阿刀田高は大好きで、入手できる本はすべて買い集めていた時期がある。いつしか読まなくなってしまったが。
2003年は68歳、まだ老け込む年ではない。
「おどろき箱」がどういうもので、どこにあって、どのような経緯で主人公のものとなったのか、夢と現実の境目などがはっきりしない。はっきりしないところが幻想的でよいのだろう。
相変わらず面白いが、「首神さま」「七色マッチ」は何のアナライズなのかはすぐわかったし、「カレンダー」はちょっと理屈が勝ち過ぎて話としてはいまいち。

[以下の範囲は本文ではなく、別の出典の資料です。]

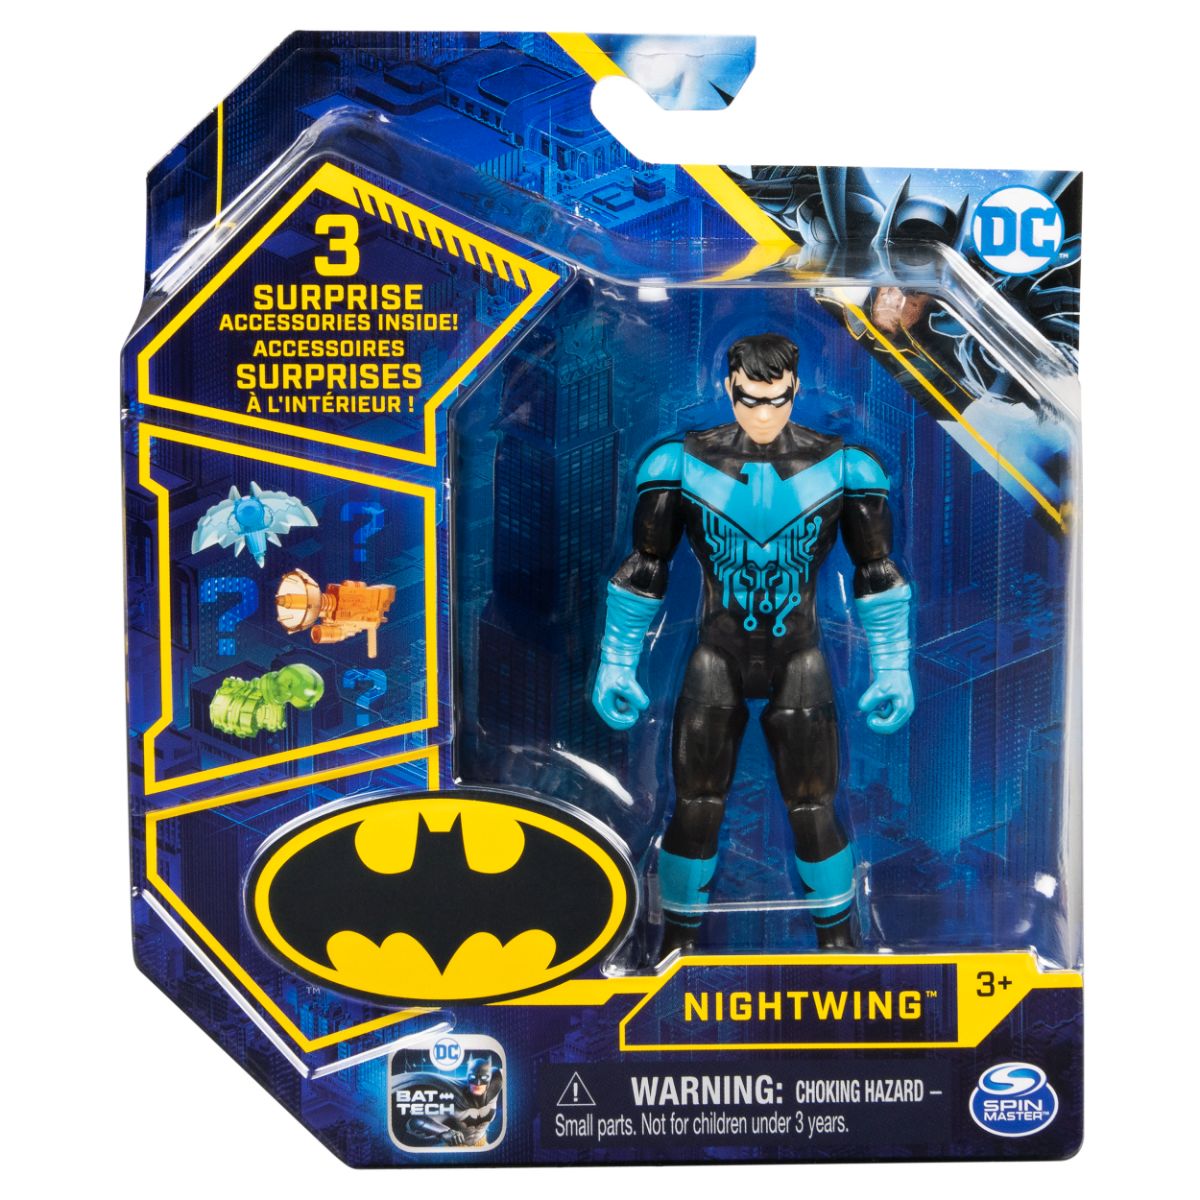 Set Figurina cu accesorii surpriza Batman, Nightwing 20131337 Batman imagine noua

「黒い紐」でホームズの「まだらの紐」のストーリーとトリック、犯人をバラしてしまったのは驚いた。いくら有名な作品だと言っても、知らない人はいるだろう。特に若い読者には。ミステリーのネタバレは絶対してはいけないことだと、自身、若き日のエッセイで書いていなかったか。おどろおどろしいストーリーの途中までを紹介し、かわいそうなジュリア・ストーナーが亡くなったところで止めておけば、興味のある読者はホームズの本を読もうと思うかも知れないではないか。ちょっと残念だった。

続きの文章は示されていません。